Compare the best infrastructure mutual funds in India - ICICI Prudential Infrastructure, Nippon India Power & Infra, SBI Infrastructure, Quant Infrastructure and HDFC Infrastructure. Pure play on India's infra boom. Live NAV from RightAdvise.
Sorted by 5-year CAGR. Click any fund for full analysis - rolling returns, drawdown chart, NAV history and risk ratios.
If you had invested ₹1 lakh 5 years ago in each fund, here is how much it would be worth today. Calculated from 5 years of daily NAV in the RightAdvise database.
💡 What is AAUM? AAUM stands for Average Assets Under Management - the average value of all investor money a fund managed during a specific quarter. Reported to SEBI every quarter via AMFI. More reliable than a single-day AUM snapshot.

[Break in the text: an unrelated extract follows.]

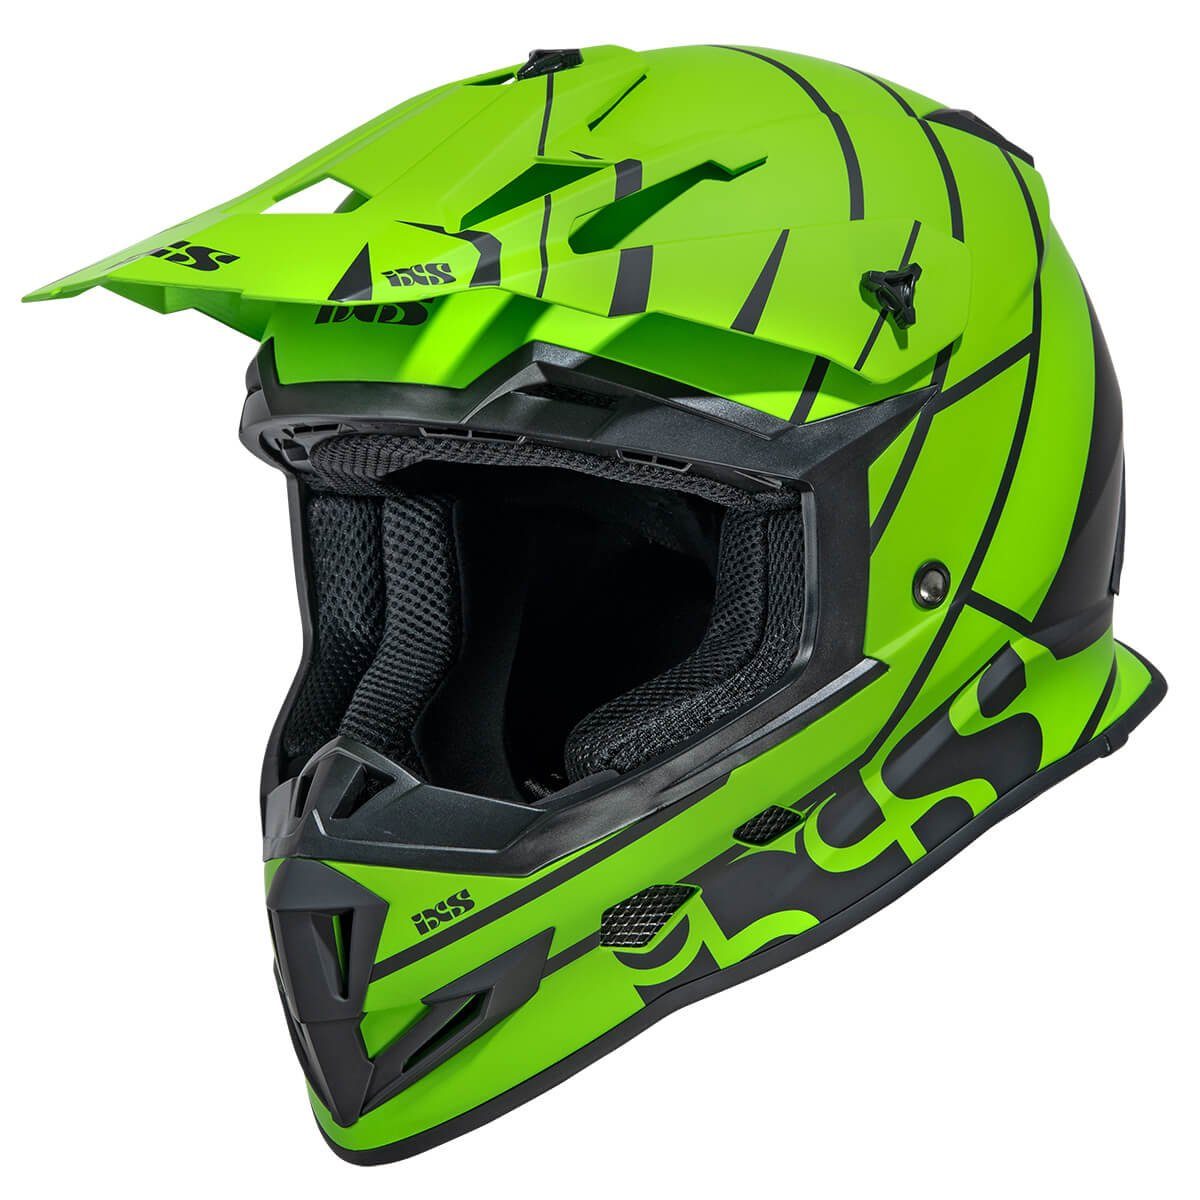 IXS Motocrosshelm »IXS Motocrosshelm 361 2.2 matt grün - schwarz«

| Fund | NAV | AAUM | 1Y Return | 3Y CAGR | 5Y CAGR | 10Y CAGR | Max Drawdown | Sharpe (3Y) |
|---|---|---|---|---|---|---|---|---|
| ICICI Prudential Infrastructure Fund | ₹215.77 2026-06-04 | ₹7.6K Cr Jan–Mar 2026 | +2.9% | +22.8 % p.a. | +24.5 % p.a. | +18.8 % p.a. | -46.8% | 1.12 |
| Nippon India Power & Infra Fund | ₹412.68 2026-06-04 | ₹6.5K Cr Jan–Mar 2026 | +10.9% | +26.3 % p.a. | +24.4 % p.a. | +18.9 % p.a. | -53.2% | 1.19 |
| HDFC Infrastructure Fund | ₹51.72 2026-06-04 | ₹2.3K Cr Jan–Mar 2026 | -1.5% | +23.0 % p.a. | +22.4 % p.a. | +13.0 % p.a. | -63.1% | 1.11 |
| Quant Infrastructure Fund | ₹45.02 2026-06-04 | ₹2.8K Cr Jan–Mar 2026 | +11.4% | +22.6 % p.a. | +21.4 % p.a. | +21.6 % p.a. | -46.0% | 0.82 |
| SBI Infrastructure Fund | ₹54.77 2026-06-04 | ₹4.3K Cr Jan–Mar 2026 | +3.3% | +20.1 % p.a. | +19.6 % p.a. | +16.3 % p.a. | -42.1% | 1.03 |
Infrastructure Funds are sectoral/thematic funds that must invest at least 80% of their assets in equity of infrastructure sector companies. The infrastructure sector includes roads, highways, ports, airports, railways, power generation, power transmission, telecom, cement, steel, construction companies and related businesses. These are high-concentration thematic funds with significant government policy sensitivity.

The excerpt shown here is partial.